Так было записано в мемуарах одного очевидца.
Наткнувшись на этот документ, я тут же приступил к основательной исследовательской работе, страстно желая отыскать следы принца Фогельфрая на полях сражений в разные времена. В ХХ-ом веке я больше не встречал подобных свидетельств, но это еще ничего не означало, потому что, должен признаться, в наше-то время ни у кого, ни до чего не доходят руки, а не потому, что все стали невнимательными. Кто-то, возможно, и видел его, но поленился записать, кого-то убило, а кому-то было наплевать, кто там танцует на поле перед врагами, тем более, если через пару минут они могут намотать на штык его кишки.
Однако уже в девятнадцатом веке я наткнулся на записи французского лейтенанта армии Бонапарта, в которых он описывал шевалье, танцующего перед кирасирами, которые преследовали армию Барклая де Толли, русского генерала, предпочитавшего тактику "reculer pour mieux sauter" (отступления для лучшего прыжка). Далее в английской хронике я обнаружил меморандум, свидетельствующий о якобы странном танцующем джентльмене, появившемся перед кромвельскими ironsides, которые, распевая псалмы под свирепыми атаками кавалеров, показывали свое фатальное превосходство.

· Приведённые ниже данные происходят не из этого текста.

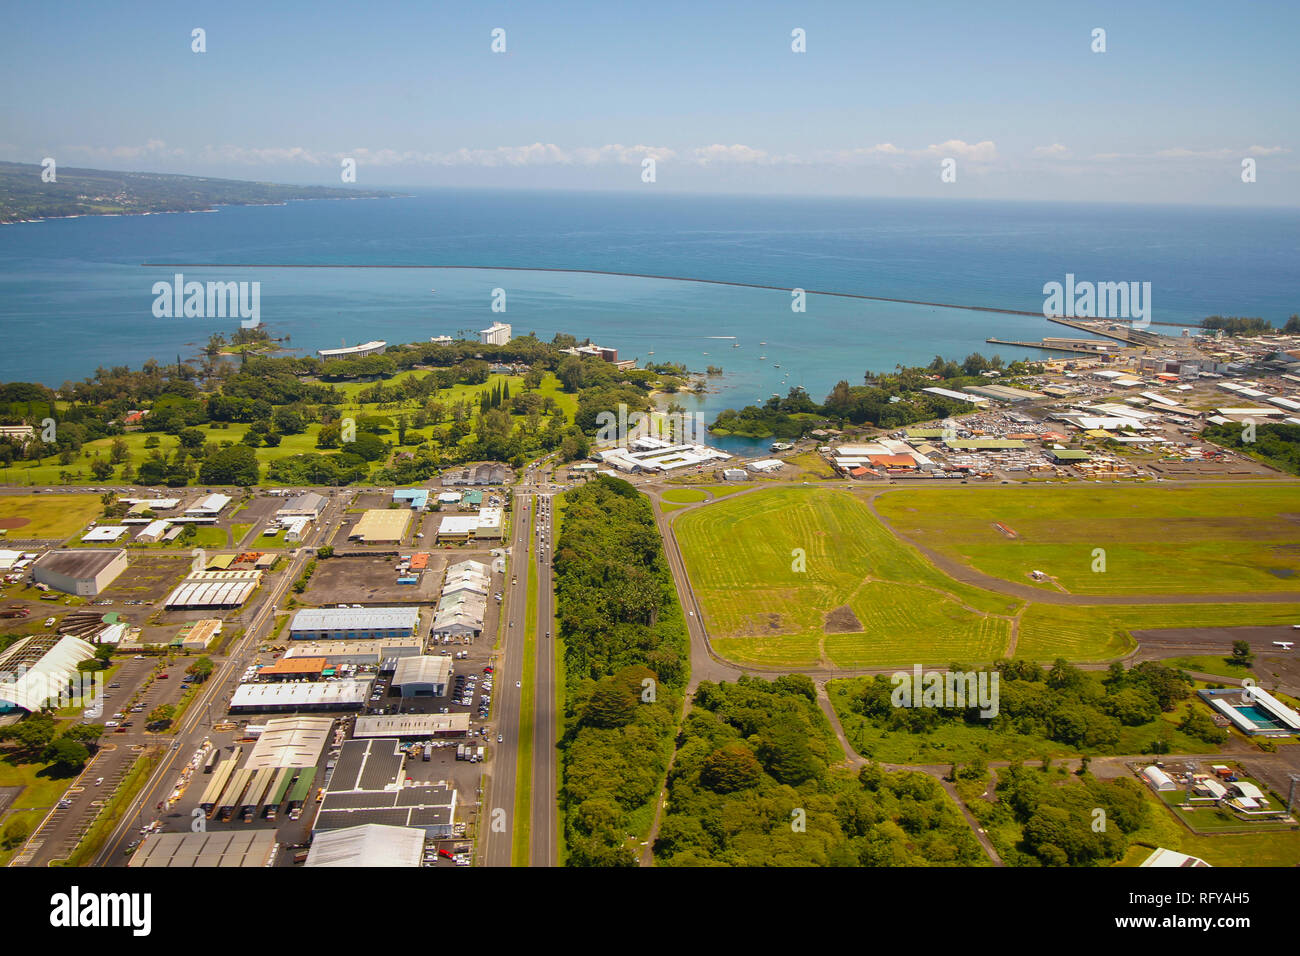 Vue aérienne de Hilo, l'une des villes les plus grandes à Big Island, Hawaii Banque D'Images

Чем дальше я исследовал эту проблему, тем больше у меня копилось материала об этом танцующем воине, повергавшем всех в изумление. Одни утверждали, что это закалённый бедами и победами дух, для которого покорение, авантюра, опасность и даже боль стали потребностью. Другие убеждали, что это невидимый гений, появляющийся там, где изможденный страдалец берет жизнь под свою протекцию. Третьи доказывали, что это вечный скиталец из тех, ушедших в мир иной на поле битвы, скиталец, который не до конца насытился своим озорством духа. И все они, наверное, по-своему были правы.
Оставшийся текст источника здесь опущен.